Since the databricks SQL API returns an exception if the table does not exist we look out for the relevant exception. :param table: Table that may or may not exist :return: True if the table exists, false if it does not
- Parameters
table (astro.table.BaseTable) –
- Return type
bool
- create_table_using_columns(table)
Create a SQL table using the table columns provided by the user.
- Parameters
table (astro.table.BaseTable) – The table to be created.
- Return type
None
- append_table(source_table, target_table, source_to_target_columns_map)
Append the source table rows into a destination table.
- Parameters
source_table (astro.table.BaseTable) – Contains the rows to be appended to the target_table
target_table (astro.table.BaseTable) – Contains the destination table in which the rows will be appended
source_to_target_columns_map (dict[str, str]) – Dict of source_table columns names to target_table columns names
- Return type
None
- export_table_to_pandas_dataframe(source_table, select_kwargs=None)
Converts a delta table into a pandas dataframe that can be processed locally.

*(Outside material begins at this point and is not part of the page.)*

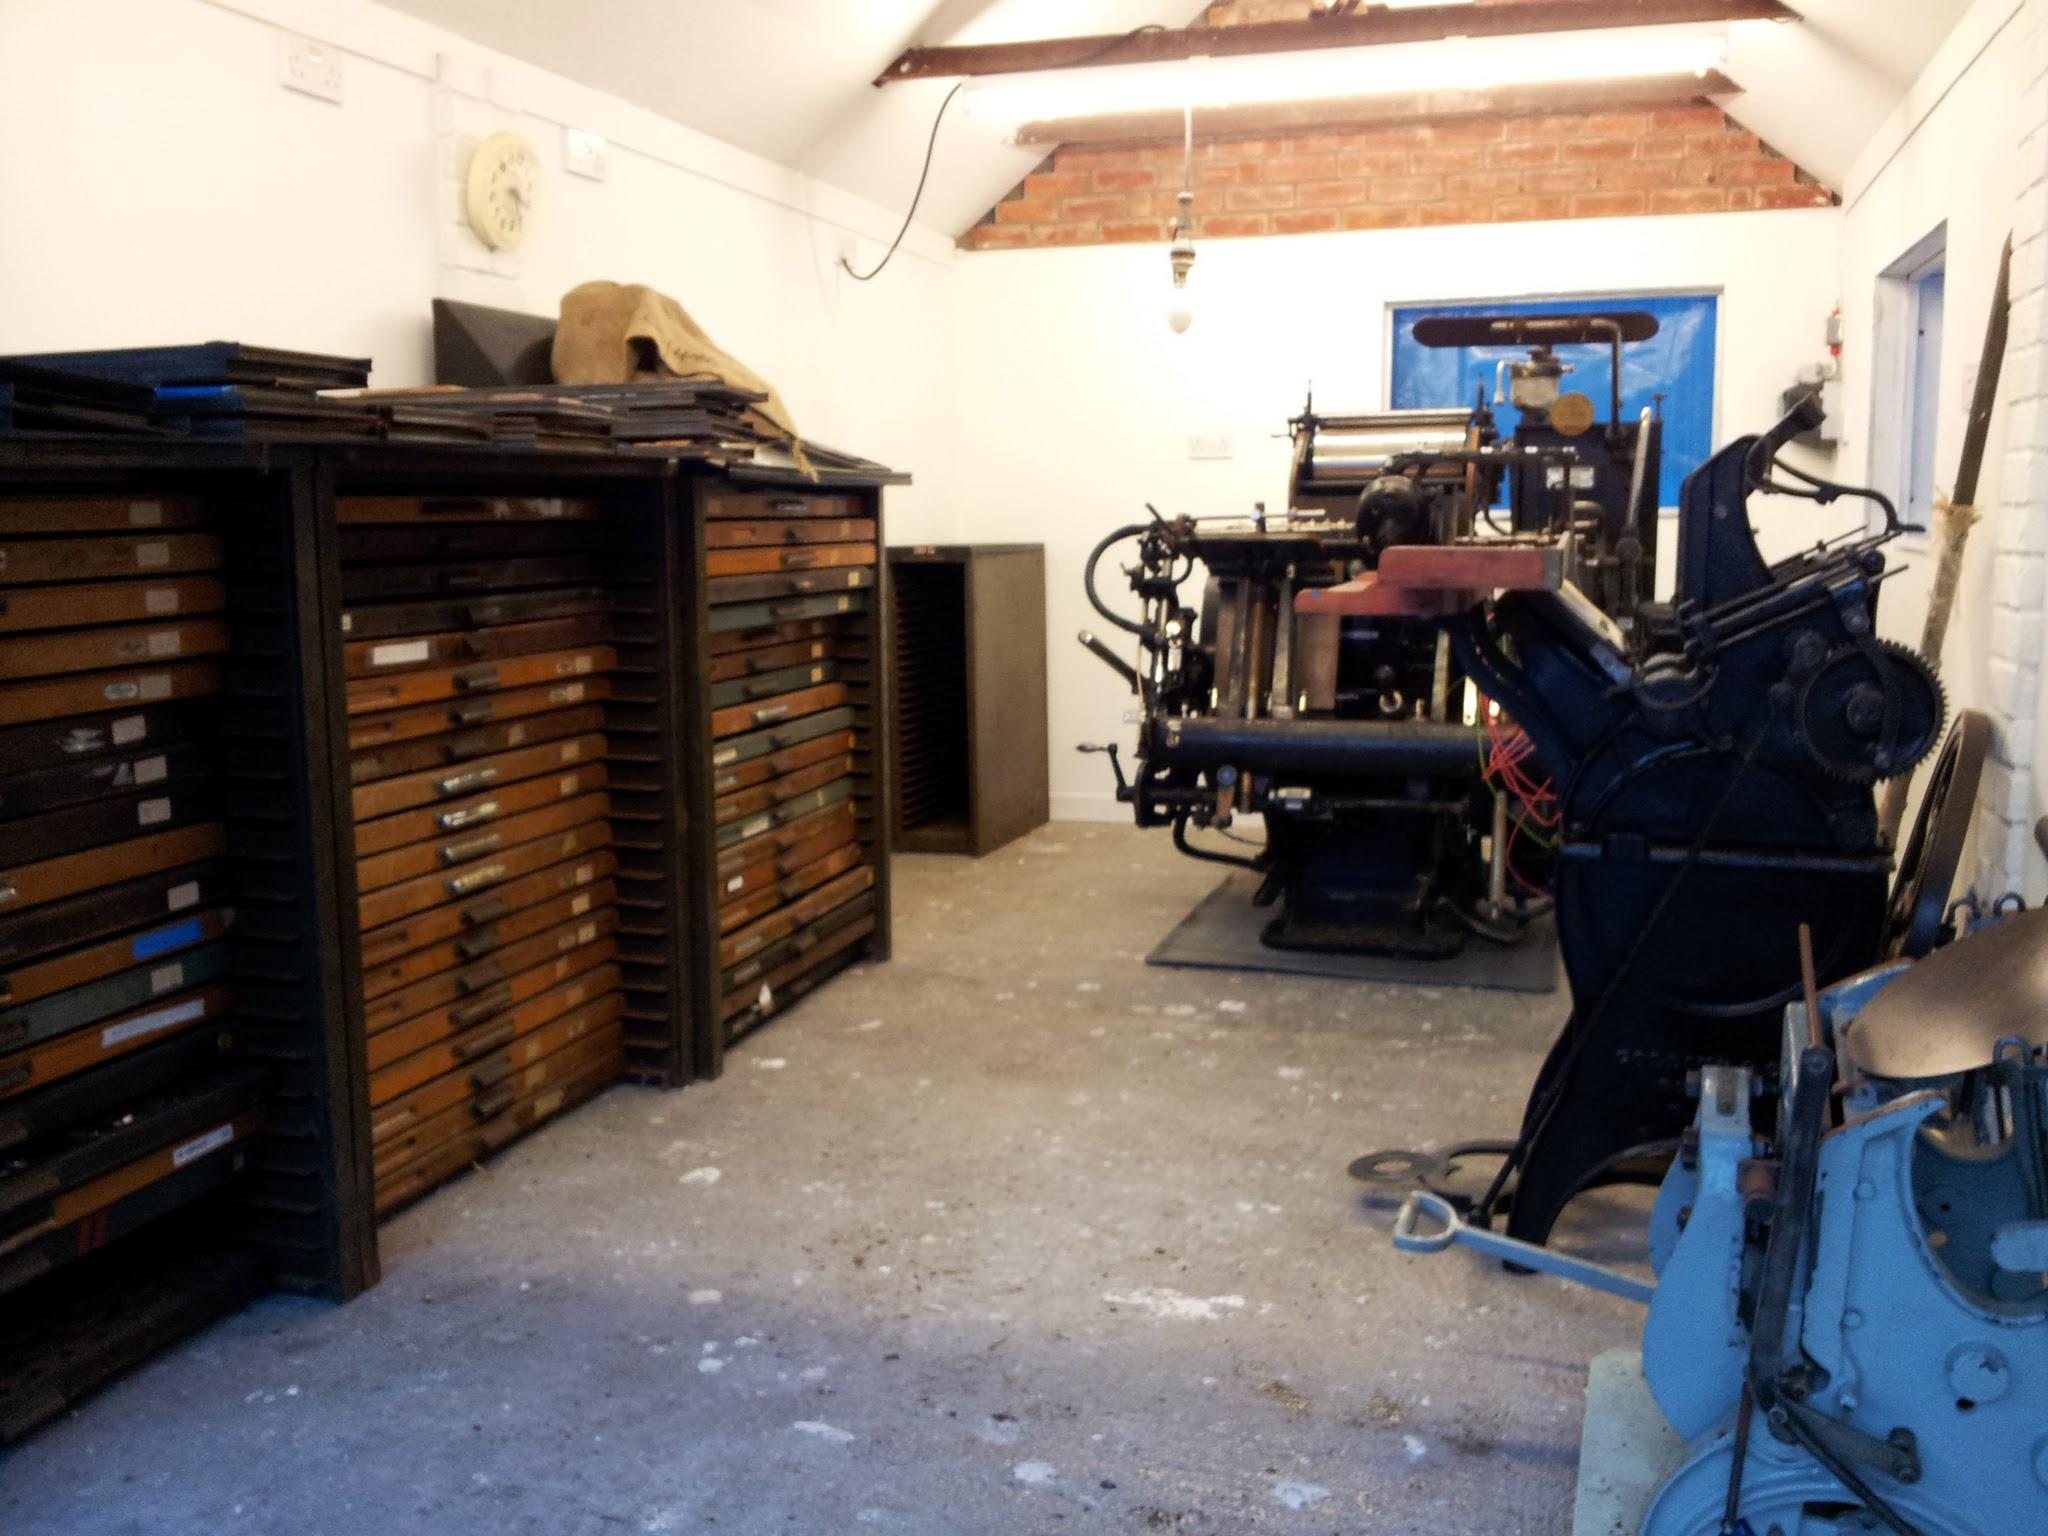 Letterpress Studio with Golding Pearl No 3 Treadle Press and Heidelberg Windmill 10x15

Please note that this is a local pandas dataframe and not a spark dataframe. Be careful of the size of dataframe you return. :param source_table: Delta table to convert to dataframe :param select_kwargs: Unused in this function :return:
- Parameters
source_table (astro.table.BaseTable) –
select_kwargs (dict | None) –
- Return type
pandas.DataFrame
- load_pandas_dataframe_to_table(source_dataframe, target_table, if_exists='replace', chunk_size=DEFAULT_CHUNK_SIZE)
Create a table with the dataframe’s contents. If the table already exists, append or replace the content, depending on the value of if_exists.
- Parameters
source_dataframe (pandas.DataFrame) – Local or remote filepath
target_table (astro.table.BaseTable) – Table in which the file will be loaded
if_exists (astro.constants.LoadExistStrategy) – Strategy to be used in case the target table already exists.
chunk_size (int) – Specify the number of rows in each batch to be written at a time.
- Return type
None
- static get_merge_initialization_query(parameters)
Handles database-specific logic to handle constraints for Delta. setting constraints is not required for merging tables in Delta so we only return “1”
- Parameters
parameters (tuple) –
- Return type
str
- merge_table(source_table, target_table, source_to_target_columns_map, target_conflict_columns, if_conflicts='exception')
Merge the source table rows into a destination table. The argument if_conflicts allows the user to define how to handle conflicts.
- Parameters
source_table (astro.table.BaseTable) – Contains the rows to be merged to the target_table
target_table (astro.table.BaseTable) – Contains the destination table in which the rows will be merged
source_to_target_columns_map (dict[str, str]) – Dict of target_table columns names to source_table columns names
target_conflict_columns (list[str]) – List of cols where we expect to have a conflict while combining
if_conflicts (astro.constants.MergeConflictStrategy) – The strategy to be applied if there are conflicts.